**Task directions**
Gather up every line from the entries below that uses the word "your".

(Stored dataset items)
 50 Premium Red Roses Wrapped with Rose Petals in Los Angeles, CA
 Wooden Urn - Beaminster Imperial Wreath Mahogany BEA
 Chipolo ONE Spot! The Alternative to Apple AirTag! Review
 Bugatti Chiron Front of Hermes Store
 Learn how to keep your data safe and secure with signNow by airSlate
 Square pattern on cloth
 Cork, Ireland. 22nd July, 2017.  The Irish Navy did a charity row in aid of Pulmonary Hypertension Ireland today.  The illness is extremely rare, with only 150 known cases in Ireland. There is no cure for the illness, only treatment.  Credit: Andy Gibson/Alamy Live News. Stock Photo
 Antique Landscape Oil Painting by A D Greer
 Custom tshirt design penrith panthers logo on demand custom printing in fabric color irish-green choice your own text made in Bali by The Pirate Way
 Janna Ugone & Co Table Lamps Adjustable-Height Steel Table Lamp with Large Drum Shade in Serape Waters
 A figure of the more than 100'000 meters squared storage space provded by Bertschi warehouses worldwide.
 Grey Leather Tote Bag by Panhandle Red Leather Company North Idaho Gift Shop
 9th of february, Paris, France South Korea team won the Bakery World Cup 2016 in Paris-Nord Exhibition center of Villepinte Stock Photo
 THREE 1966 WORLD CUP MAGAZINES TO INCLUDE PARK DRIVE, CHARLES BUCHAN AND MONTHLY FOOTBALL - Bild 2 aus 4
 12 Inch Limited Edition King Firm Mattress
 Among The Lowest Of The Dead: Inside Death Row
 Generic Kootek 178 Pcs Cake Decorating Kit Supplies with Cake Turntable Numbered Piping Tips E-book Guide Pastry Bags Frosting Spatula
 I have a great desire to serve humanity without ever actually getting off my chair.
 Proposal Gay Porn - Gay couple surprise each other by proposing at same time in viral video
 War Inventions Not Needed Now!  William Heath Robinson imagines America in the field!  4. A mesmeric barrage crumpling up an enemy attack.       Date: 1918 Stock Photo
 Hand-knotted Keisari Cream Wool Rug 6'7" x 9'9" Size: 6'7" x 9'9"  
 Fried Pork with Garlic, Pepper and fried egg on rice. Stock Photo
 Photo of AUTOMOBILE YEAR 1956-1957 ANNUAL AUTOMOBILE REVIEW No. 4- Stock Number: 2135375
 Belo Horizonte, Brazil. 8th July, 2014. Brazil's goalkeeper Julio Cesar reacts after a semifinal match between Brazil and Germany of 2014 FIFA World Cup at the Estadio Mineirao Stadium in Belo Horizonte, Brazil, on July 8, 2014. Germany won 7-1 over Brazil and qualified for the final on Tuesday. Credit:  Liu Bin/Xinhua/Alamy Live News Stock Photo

**Reply**
 Learn how to keep your data safe and secure with signNow by airSlate
 Custom tshirt design penrith panthers logo on demand custom printing in fabric color irish-green choice your own text made in Bali by The Pirate Way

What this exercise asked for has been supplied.